Data supplied:
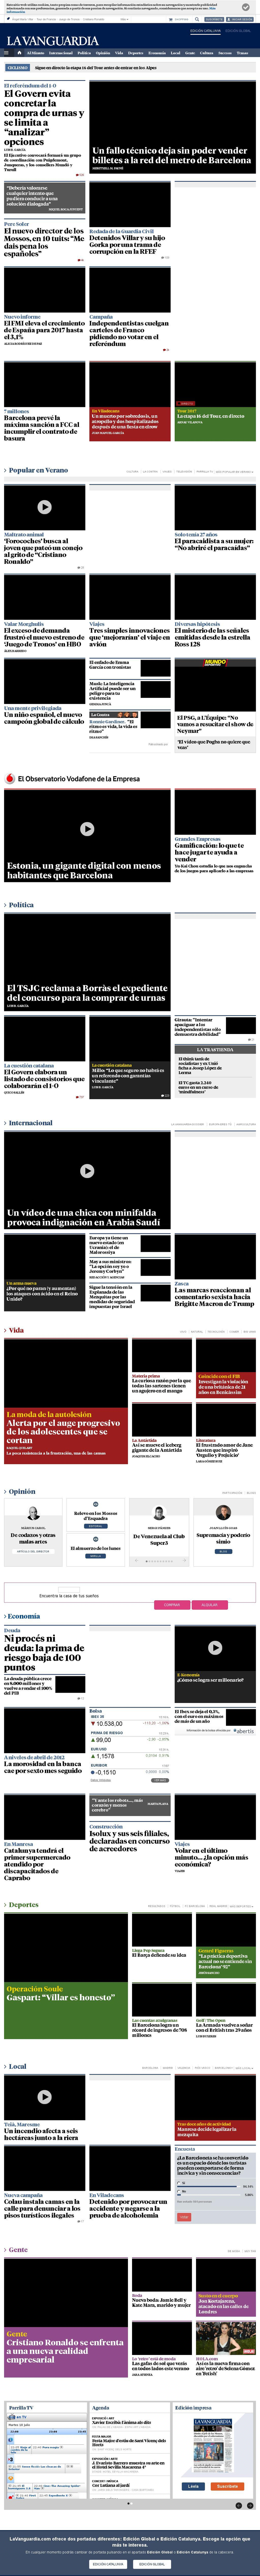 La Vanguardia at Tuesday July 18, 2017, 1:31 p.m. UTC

==

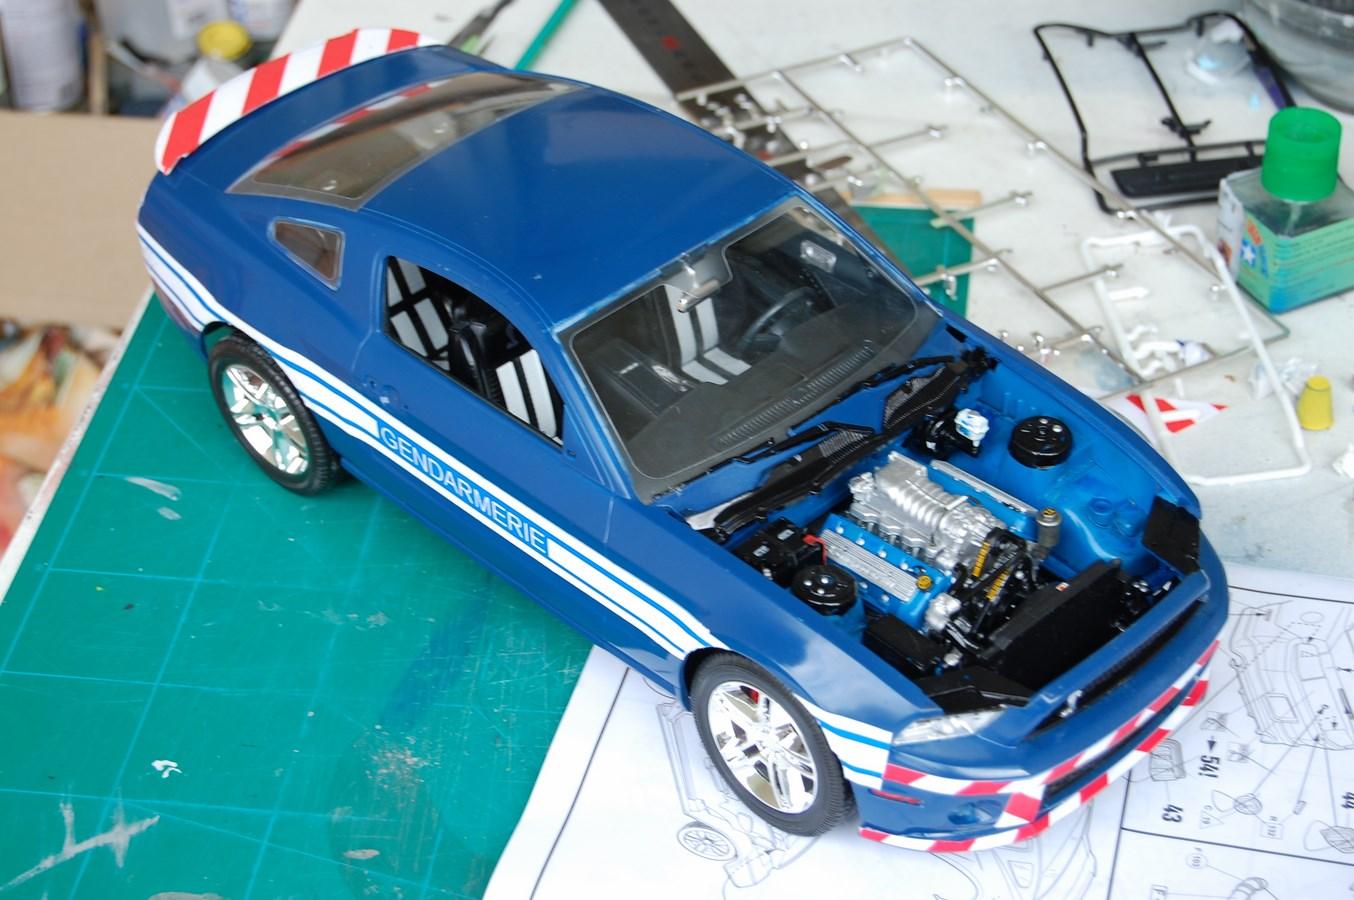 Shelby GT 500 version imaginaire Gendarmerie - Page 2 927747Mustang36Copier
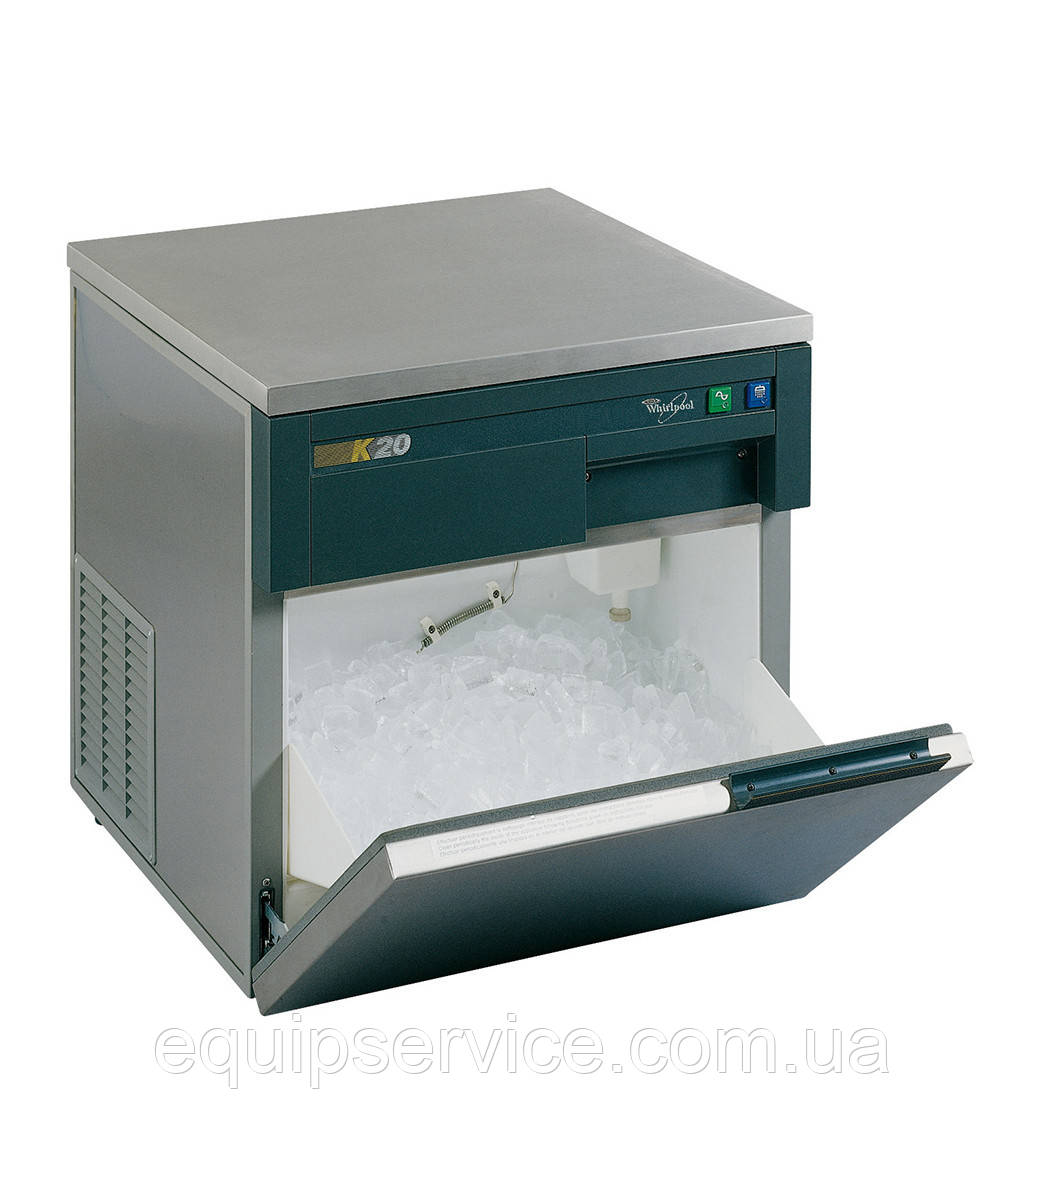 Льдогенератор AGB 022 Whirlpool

Work instructions:
Starting with the line that contains "Shelby GT 500" and finishing with the line that contains "Льдогенератор AGB 022 Whirlpool", reproduce every line of the material above exactly, but not the pictures.

Written solution:
 Shelby GT 500 version imaginaire Gendarmerie - Page 2 927747Mustang36Copier
 Льдогенератор AGB 022 Whirlpool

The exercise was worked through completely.